Hasil penelitian menunjukkan terdapat delapan bahasa di ruang publik wilayah perbatasan Indonesia-Timor Leste, yaitu bahasa Indonesia, Inggris, Tetun, Dawan, Melayu Kupang, Kemak, Arab, dan Portugis. Bahasa yang ditampilkan di ruang publik berbentuk monolingual, bilingual, dan multilingual.

“Kesamaan latar belakang bahasa, budaya, dan hubungan kekerabatan dengan masyarakat di wilayah perbatasan Timor Leste menjadi alasan utama mengapa bahasa Indonesia masih mendominasi dibandingkan bahasa resmi Timor Leste,” jelasnya.

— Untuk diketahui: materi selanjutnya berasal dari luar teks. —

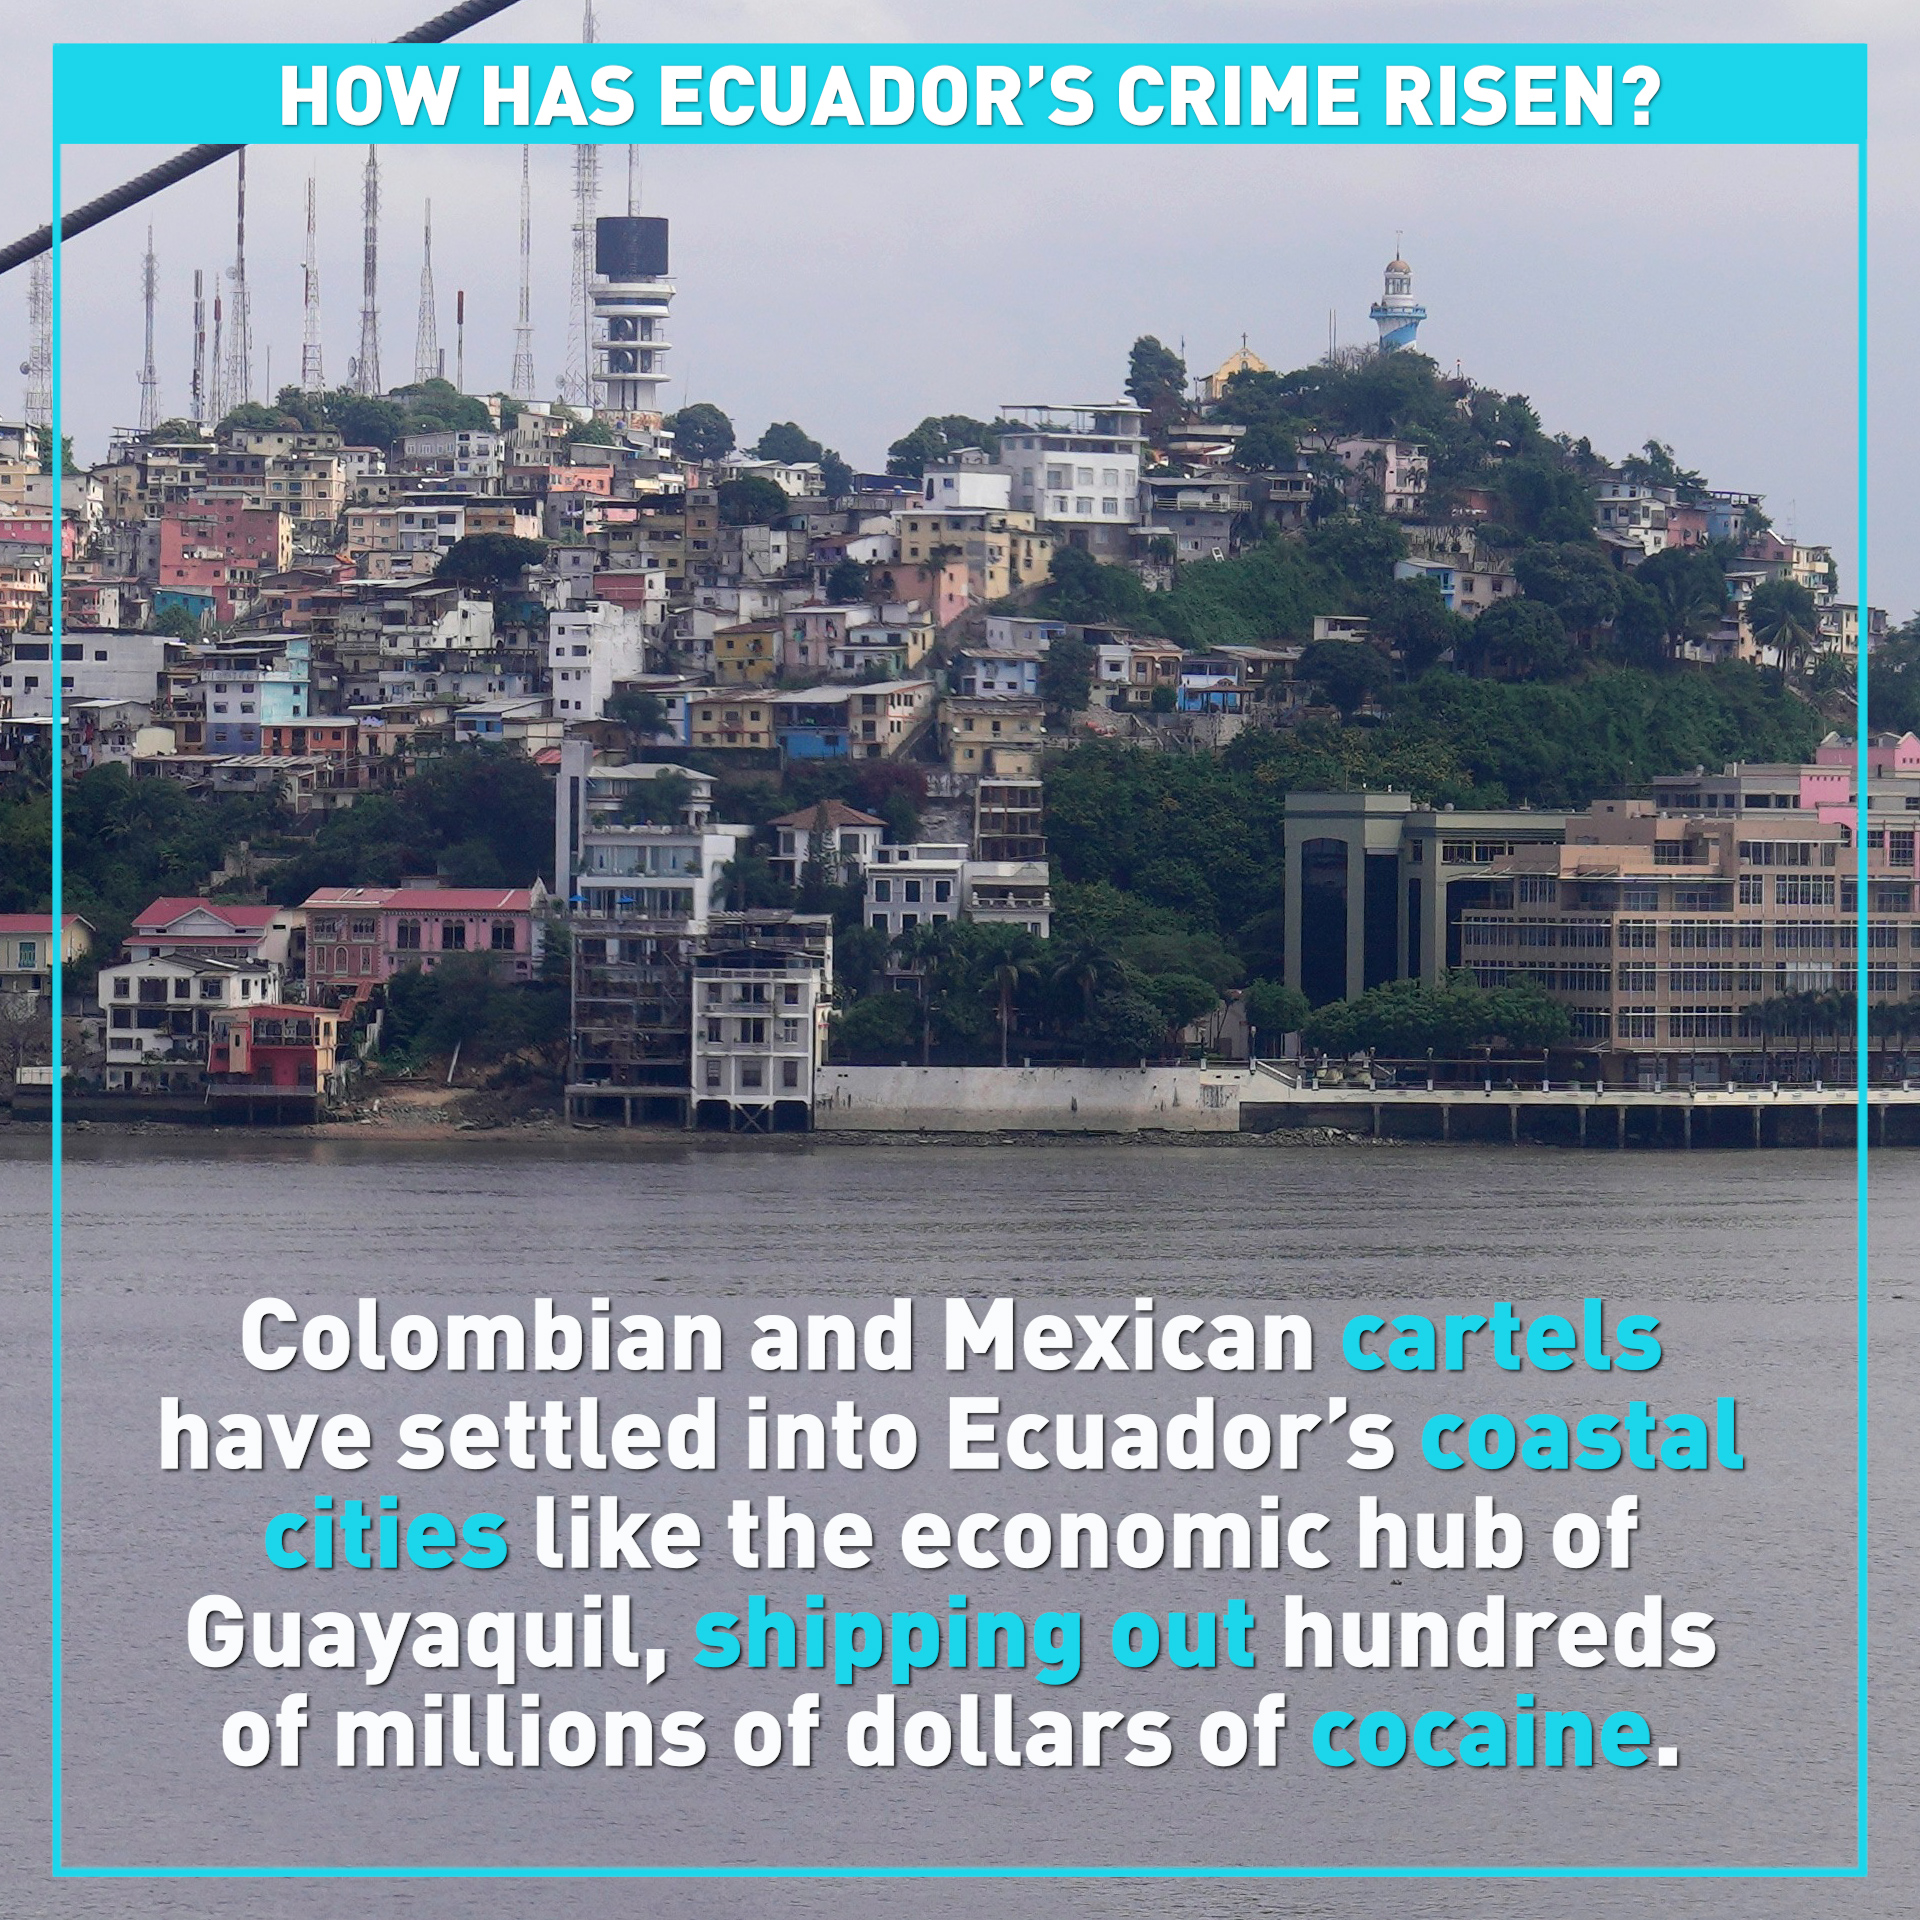 How has Ecuador's crime risen?

Budi juga menerangkan bahwa dia dan timnya telah melakukan observasi di Kota Kefamenanu dan Atambua sebagai ibu kota Kabupaten Timor Tengah Utara dan Kabupaten Belu di Provinsi Nusa Tenggara Timur, Indonesia. Hal ini didasari pertimbangan letak strategis kedua kota tersebut sebagai kota terdekat di kawasan perbatasan Indonesia–Timor Leste.

Kedua kota tersebut merepresentasikan keragaman sosial, etnis, agama, ekonomi, dan juga bahasa di kedua negara.

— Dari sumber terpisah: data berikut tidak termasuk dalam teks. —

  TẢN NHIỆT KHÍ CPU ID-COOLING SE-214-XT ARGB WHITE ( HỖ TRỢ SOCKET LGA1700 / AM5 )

Selain itu, observasi juga dilakukan di wilayah Pos Lintas Batas Napan, Wini, dan Motaain serta di kantor imigrasi induk. Wilayah perbatasan Indonesia di Kabupaten Timor Tengah Utara ini dilengkapi dengan dua Pos Lintas Batas Negara yaitu Napan dan Wini, sedangkan di Kabupaten Belu terdapat Pos Lintas Batas Motaain.

Dari hasil obeservasi ini dapat diketahui tentang lanskap linguistik di wilayah perkotaan Atambua, Kefamenanu, wilayah pedesaan, dan pos lintas batas di kedua kabupaten tersebut. Lanskap linguistik di wilayah-wilayah tersebut tidak menunjukkan adanya indikasi akomodasi terhadap bahasa resmi Timor Leste. Konteks sosiolinguistik menunjukkan bahwa proses perubahan akan sangat bergantung pada pengaruh aspek sosial, politik, dan ekonomi, tetapi peluangnya sangat kecil. Pengamatan di kawasan perbatasan menunjukkan bahwa pelayanan pada dua kantor imigrasi tersebut menggunakan bahasa Indonesia.

Dari sini dapat dipahami bahwa bahasa nasional Timor Leste tidak memberikan pengaruh yang signifikan untuk digunakan di ruang publik Indonesia karena masyarakat Timor Leste fasih berbahasa Indonesia.

“Bahasa Indonesia dipandang sebagai lingua franca yang mampu mengakomodasi semua kepentingan," ujar Budi.

"Bahasa asing yang muncul adalah bahasa Inggris dan juga Arab (dalam jumlah yang tidak banyak), selain bahasa-bahasa daerah yang ditemukan dalam jumlah yang sangat sedikit. Penggunaan bahasa-bahasa daerah sangat sedikit penggunaannya, biasanya hanya dalam percakapan keluarga saja atau dalam ritual lisan adat,” bebernya.

Di sisi lain, Kehadiran bahasa Tetun, meskipun merupakan bahasa resmi di Timor Leste, tidak dianggap sebagai bahasa asing di wilayah perbatasan karena merupakan bahasa daerah bagi sebagian masyarakat etnis Tetun di Indonesia. Hal ini menunjukkan bahwa kontak bahasa antara kedua negara tidak mengancam identitas budaya masing-masing.

Meskipun demikian, penelitian ini masih menyisakan beberapa pertanyaan penting terkait persepsi masyarakat perbatasan terhadap penggunaan bahasa di ruang publik. Lebih lanjut, penelitian mendesak diperlukan untuk memahami sikap, preferensi, dan ideologi kebahasaan di kedua kota perbatasan, serta melengkapi penelitian dengan melibatkan kedua sisi perbatasan, baik di Indonesia maupun Timor Leste.